--- Task instructions ---
Your reply should set down word for word each line below from the one with "Elad Itzkin Yoga" through the final line, both included, but none of the pictures.

--- Recorded information ---
■ ■ ■ ■ ■ ■ ■

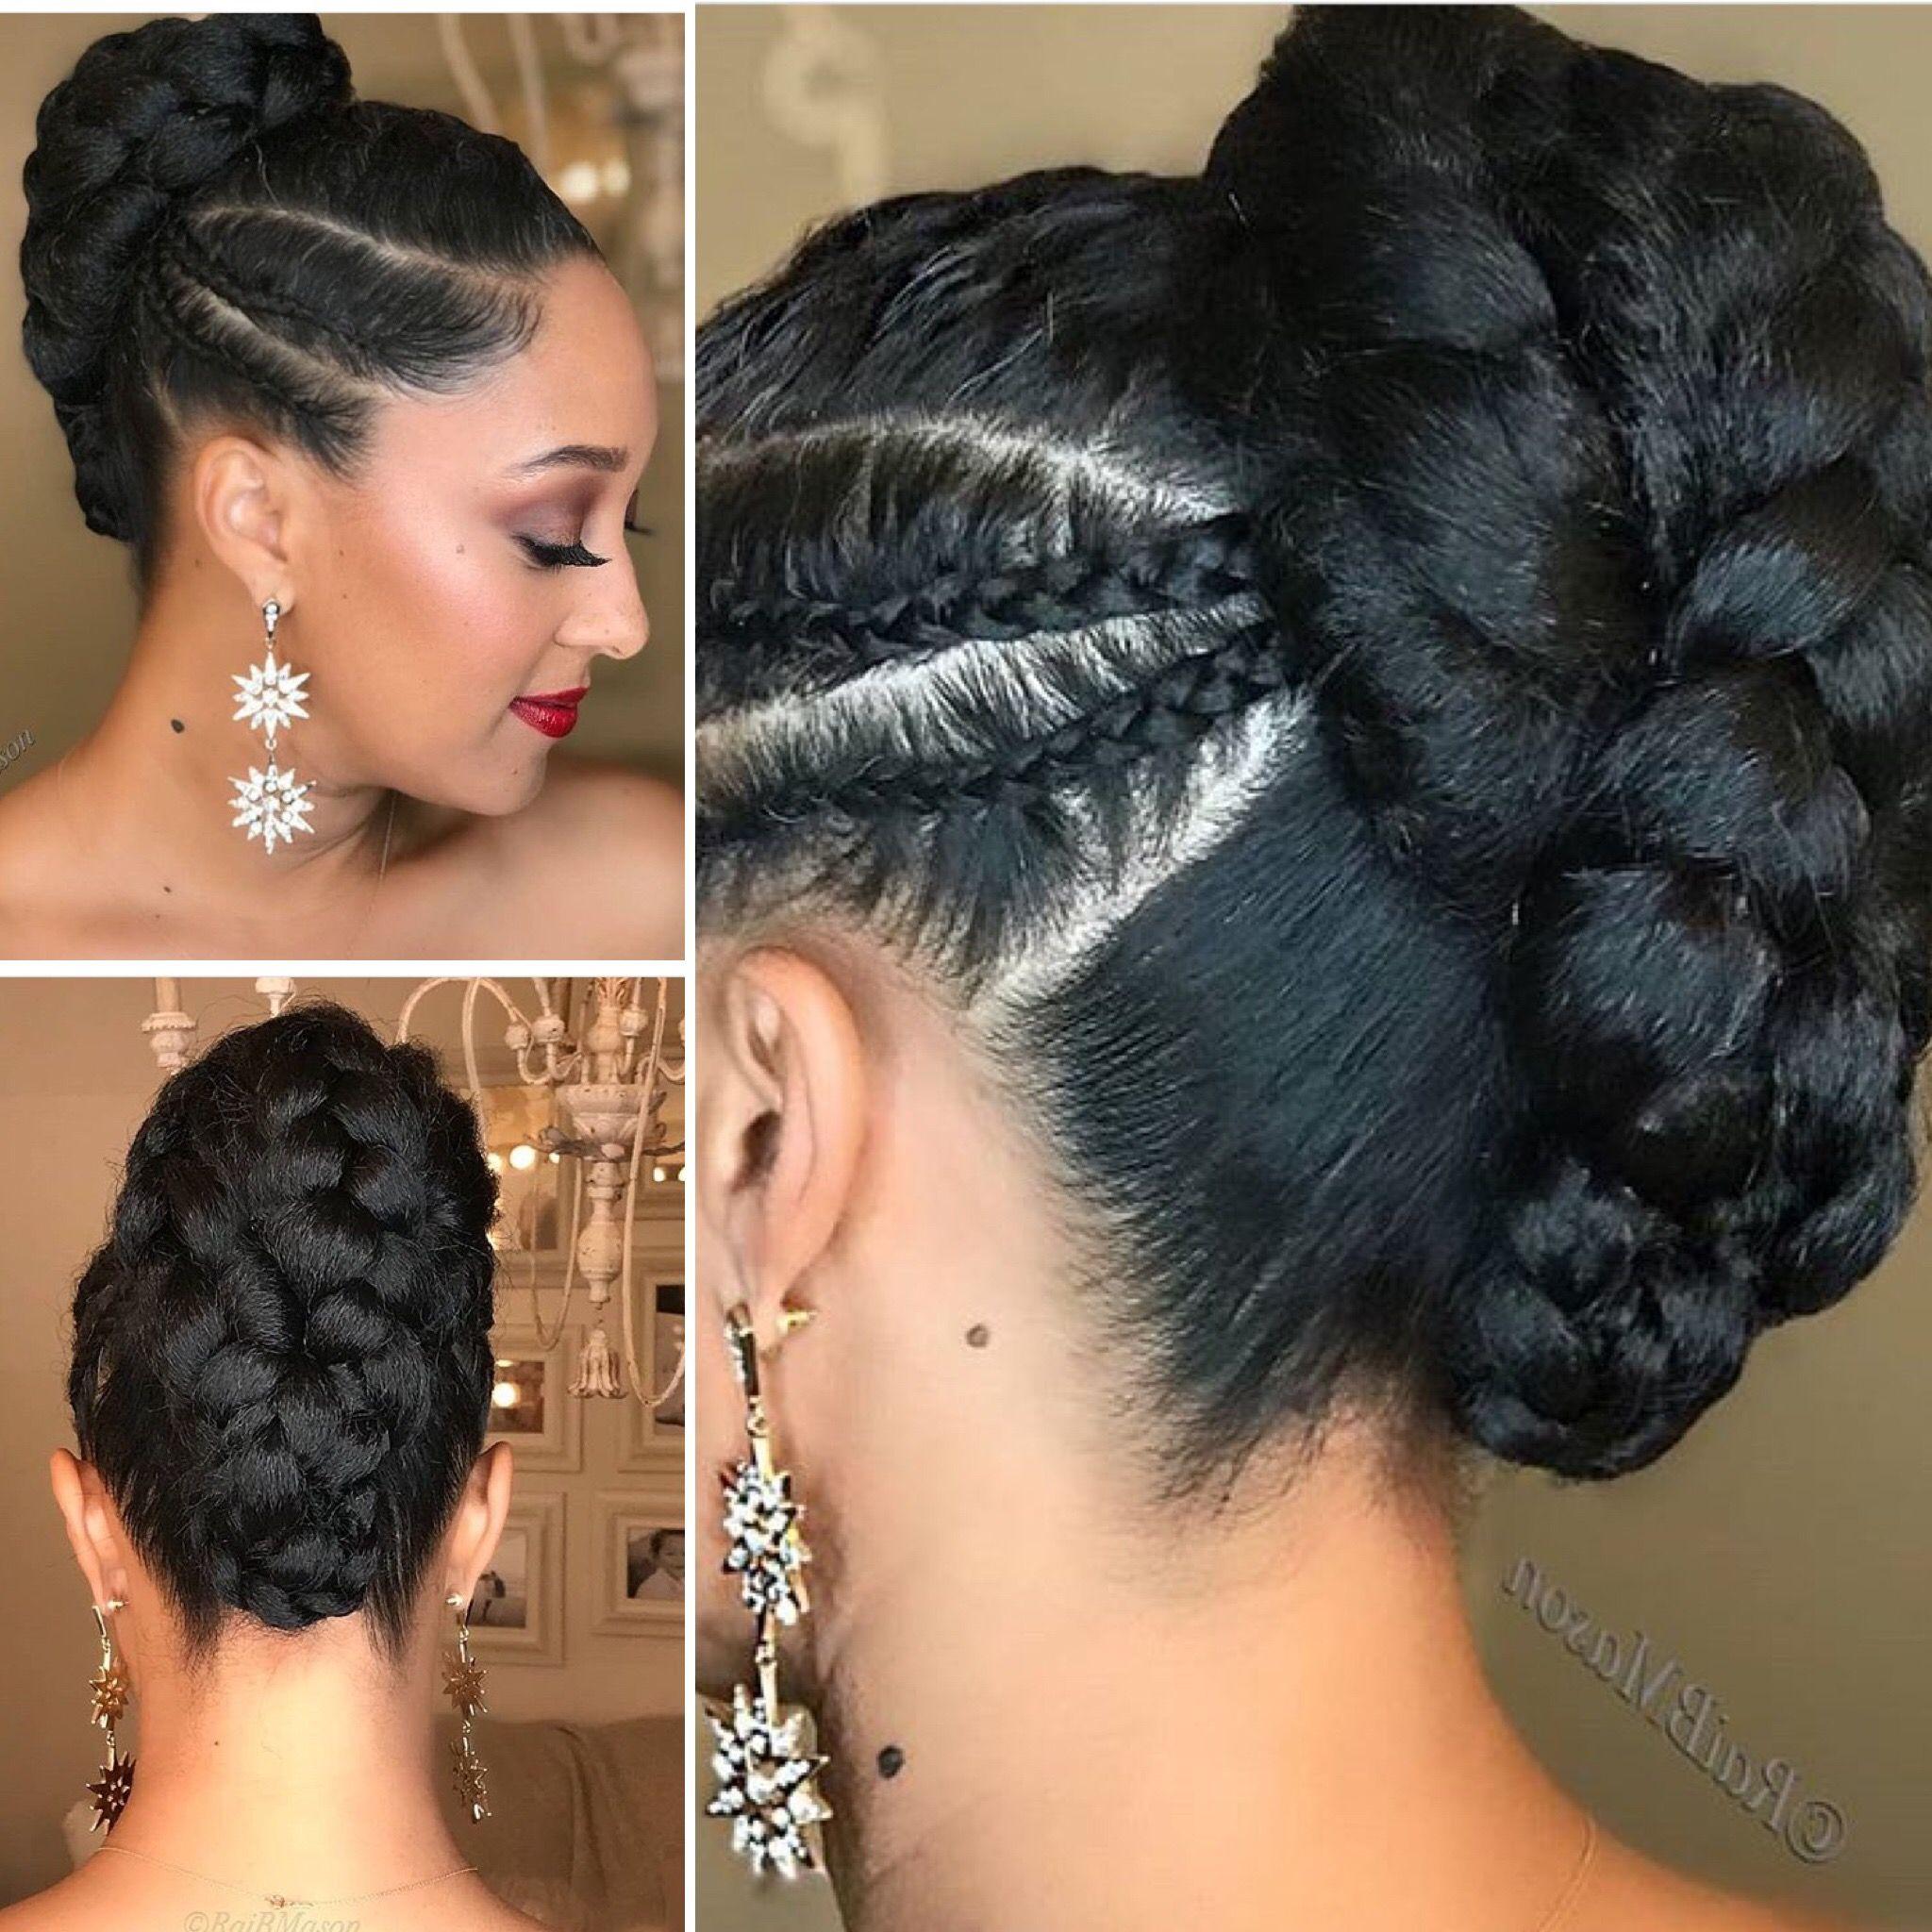 My Vow Renewal Hair Style Natural Hair Updo Hair Updos Natural
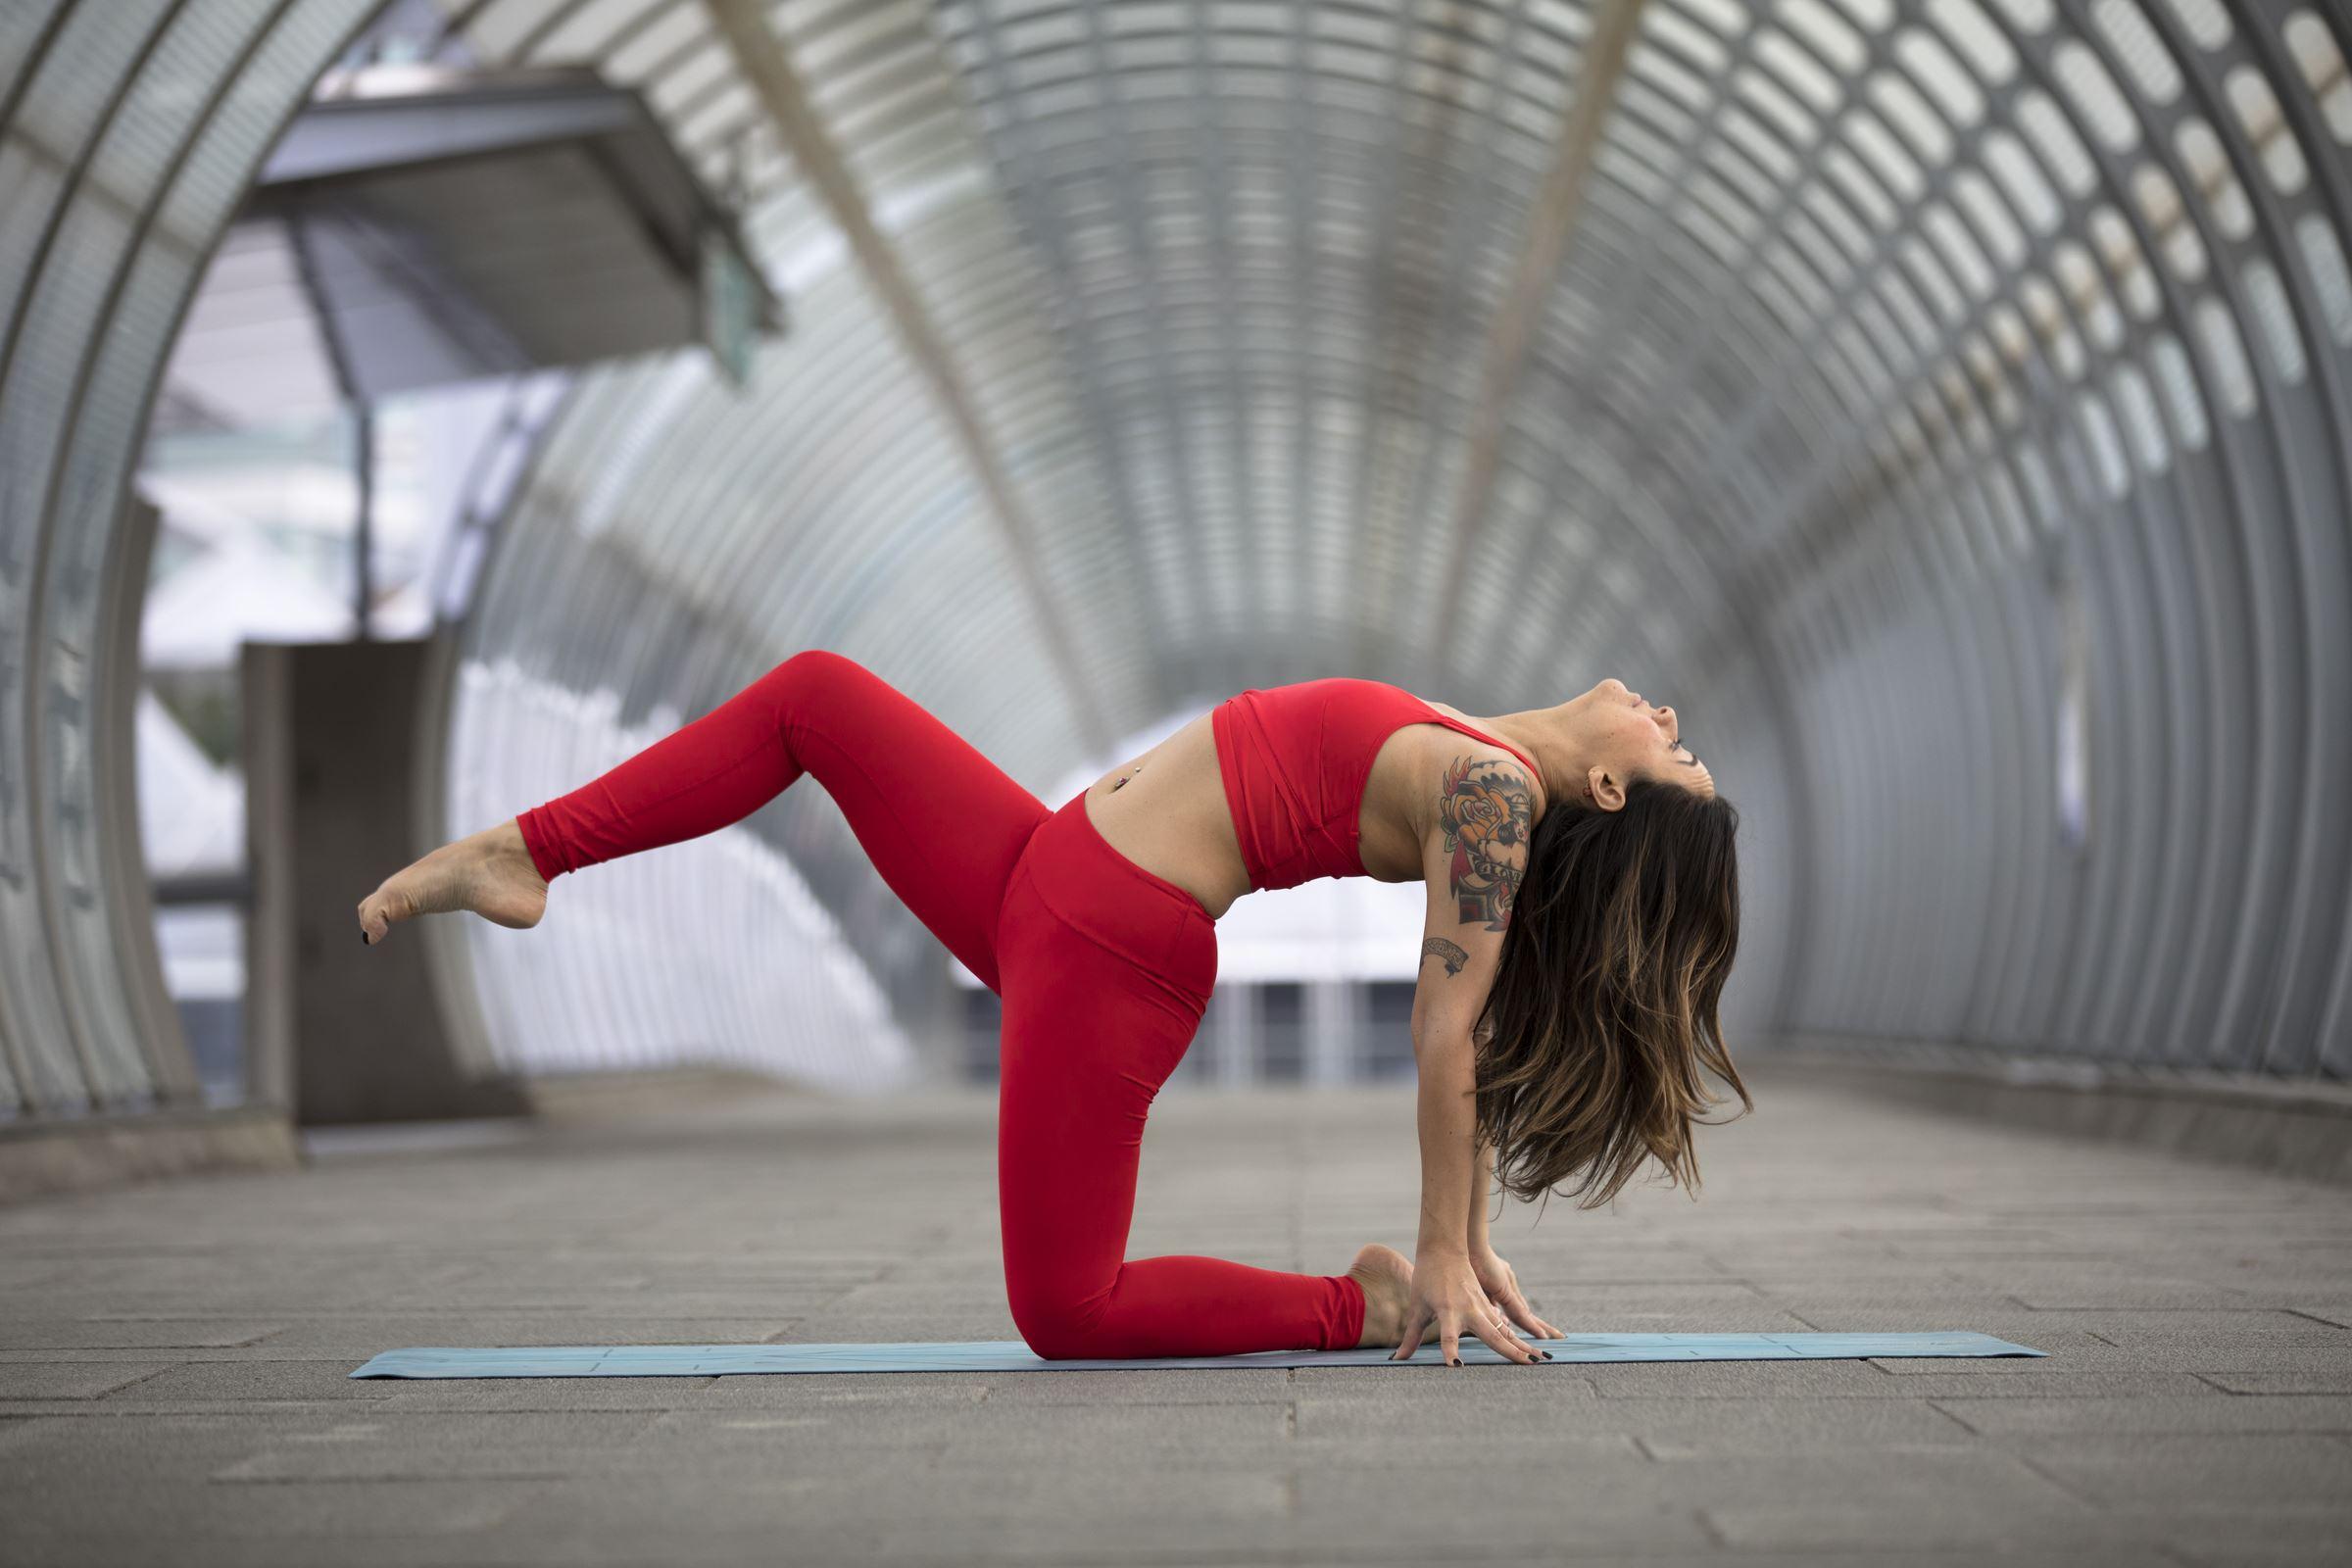 Elad Itzkin Yoga Photography - Melissa Zelaya - 6706
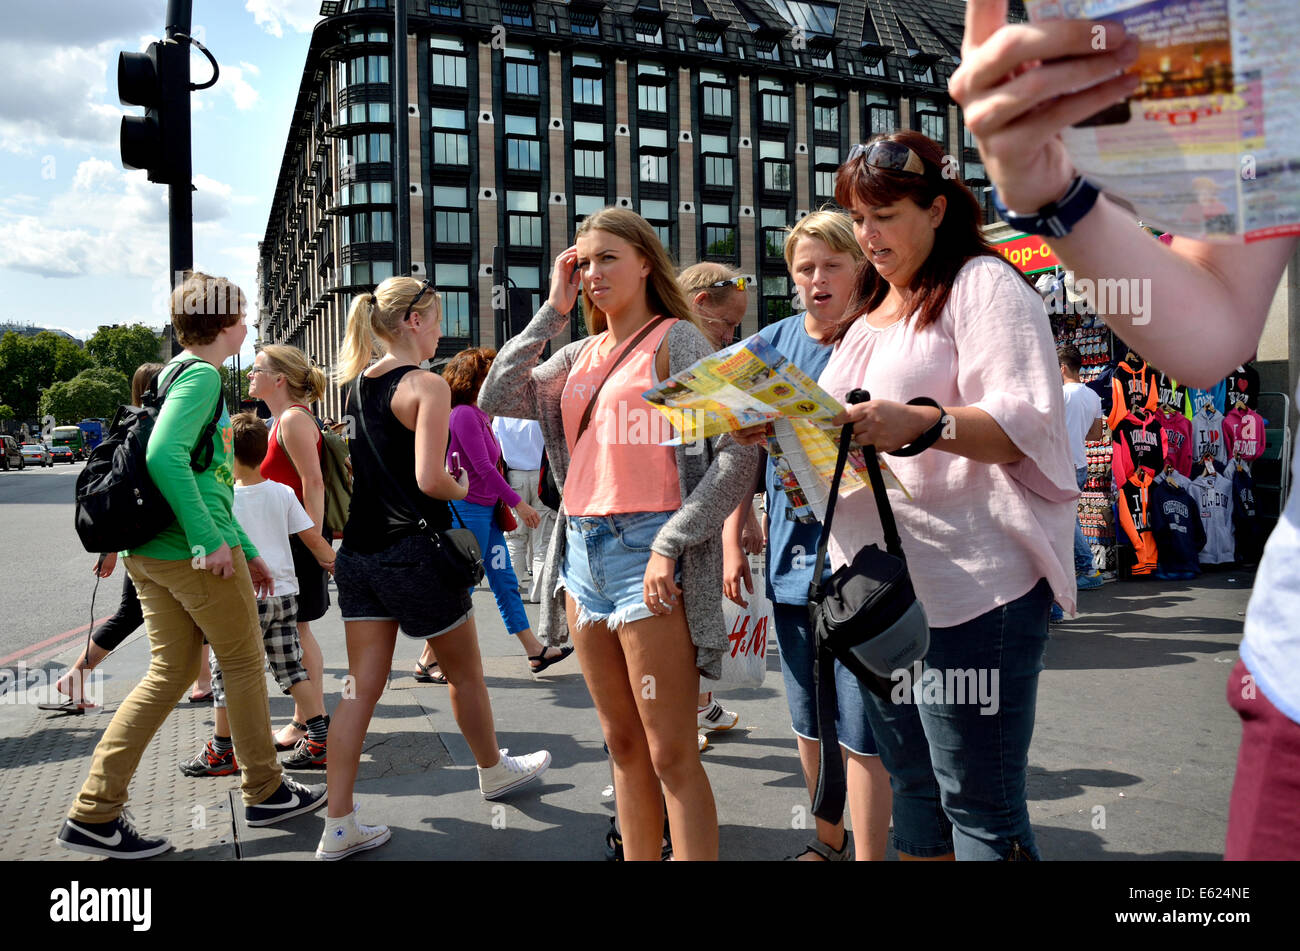 Londra, Inghilterra, Regno Unito. Famiglia guardando una mappa sul Westminster Bridge - Portcullis House dietro Immagini Stock

■ ■ ■ ■ ■ ■ ■

--- Result for this exercise ---
 Elad Itzkin Yoga Photography - Melissa Zelaya - 6706
 Londra, Inghilterra, Regno Unito. Famiglia guardando una mappa sul Westminster Bridge - Portcullis House dietro Immagini Stock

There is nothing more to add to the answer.